Do you need a new 3D TV? | Full HD 3D TV Reviews Blog

Do you need a new 3D TV?

Thursday, June 16, 2011

Yes, with one exception, high-definition televisions can not be upgraded to support the new 3D format, used by Blu-ray, DirecTV, Sony PlayStation 3 and many others. One reason is that the TV must be able to accept a signal in 3D, which is basically 1080p/24 two images (one for each eye) to view 3D Blu-ray. This is potentially confusing because many do not have 3D LCD 240Hz refresh rate to 120Hz and producer marketing also refers to the plasma "600Hz". Regardless of the specific program "Hz", these 3D models can not handle a single source image, not the double image of the signal needed for Blu-ray 3D.

Another reason is that 3D processing requires additional hardware, and several videos, including a way to send the necessary signal for glasses 3D active infrared or Bluetooth. Passive 3D TV screen using a "slow", which is not standard 2D televisions. We are not the ruling of the ability of our third party add-on to overcome these limitations, but for now there is no way to convert any 2D TV to be compatible with the new 3D television formats.

The exception mentioned above applies to approximately 4 million televisions rear projection DLP and plasma compatible 3D sold in recent years by Mitsubishi and Samsung. The two companies sold the DLP, and Samsung has also sold the PNB450 (2009) and PNA450 (2008) Plasma in the series, but each requires a special 3-D kits, with the link to the source PC for 3D viewing. Mitsubishi now sells a conversion kit ($449 with two pairs of glasses), allowing older DLP Samsung and Mitsubishi 3D TV - 3D but Samsung plasma - to work with the new 3D sources. Third party sites also sell conversion kits that work with current 3D TVs.

Depends on the size of the screen, in addition to differences based on factors other non-3D and many, but in 2010 the cost of a 3D model from a non-3D is at least $ 200, and usually more. How to print time, Panasonic G25 50-inch plasma (2D only) and GT25 (3D) are separated by about $ 250, Samsung 46-inch UNC6500 (2D) and UNC7000 (3D) of about $350. In 2011, 50-inch Panasonic ST30 (3D) and S30 (2D only) are separated list price of $400. Note that none of these models include the 3D glasses.
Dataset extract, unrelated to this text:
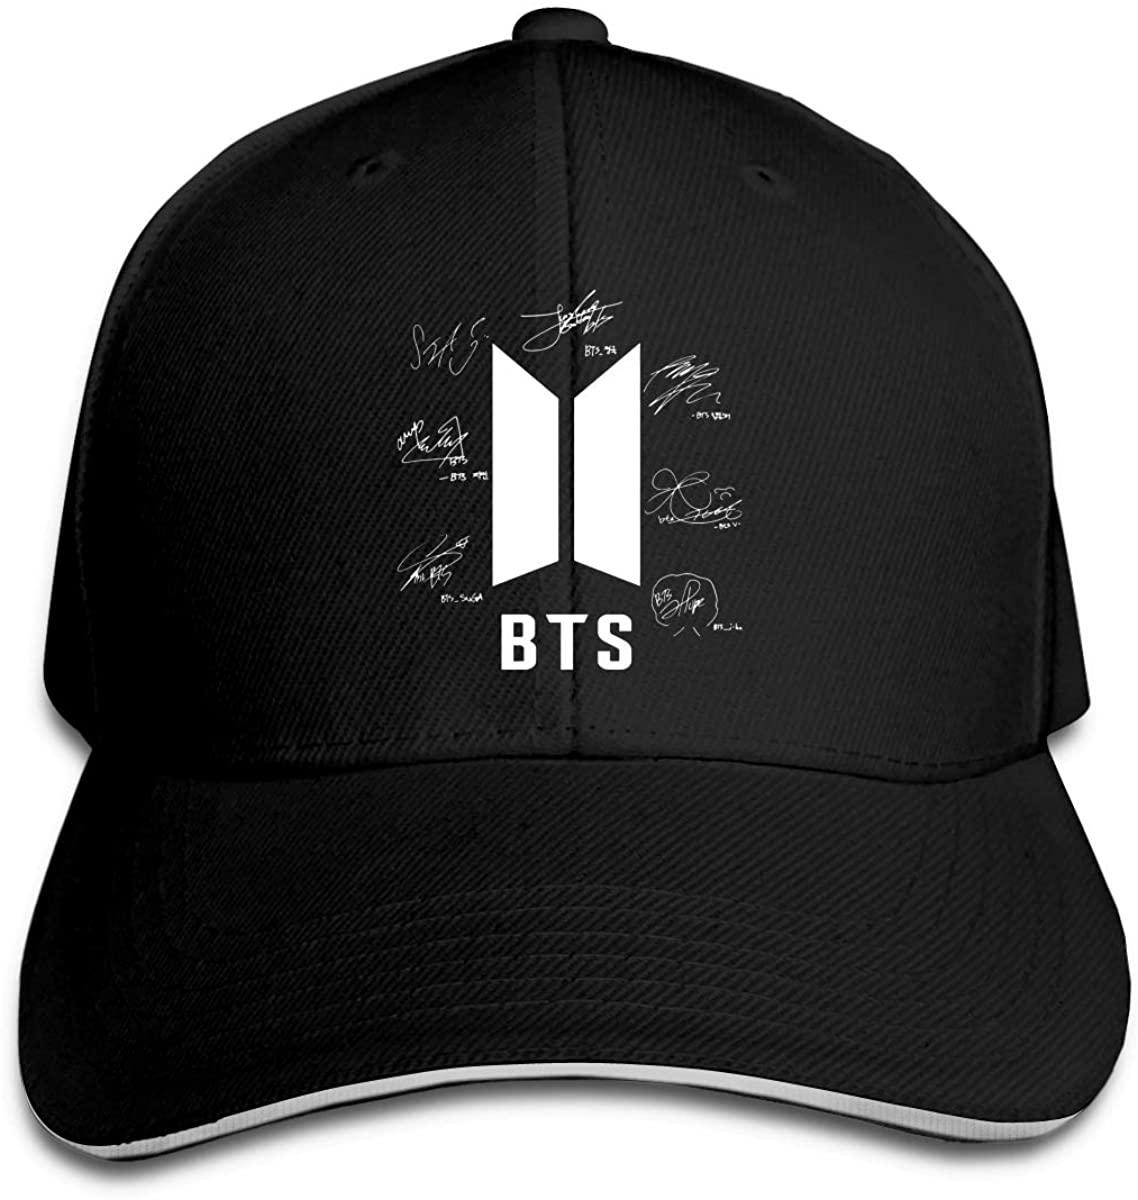 Frftgxcdf BTS-Bangtan Boys Autograph Unisex Adjustable Hat Black

Comparisons like this are not entirely apples to apples, however, and especially in 2011 3D TV closer to their counterparts in 2D in the price. Almost all high-definition televisions and high-end in the middle of this year is 3D capable, and we expect that almost all the best television performance 3D graphics.

Absolutely not. Especially for small and/or buy low-end TV, 3D functionality is not required. If you buy and/or shopping in the mid-high end TV manufacturer product lines, however, may be an inevitable feature of 3D. In 2011, for example, most TVs will be "3D ready", meaning they do not include active glasses , but the 3D view as the correct speed and content. More importantly, it will be hard to find TV sets so that they do it in 3D, and some manufacturers, such as Vizio, with its passive models, 3D models announced at a relatively low price in their training.

Our advice, which applies to 3D feature more than any other step-up 2D is still in operation to see for yourself. If you are up to two similar models you can afford, one with and one without 3D, we think it worthwhile to see 3D TV in action before making a decision. TV last long, the 3D content will become increasingly common, and do not expect competitive "free 3D glasses" hitting the market soon.

So that is: most of what we know about 3D TV today. We will review the new models by 2011 and, hopefully, the update in the meantime, feel free to add a comment.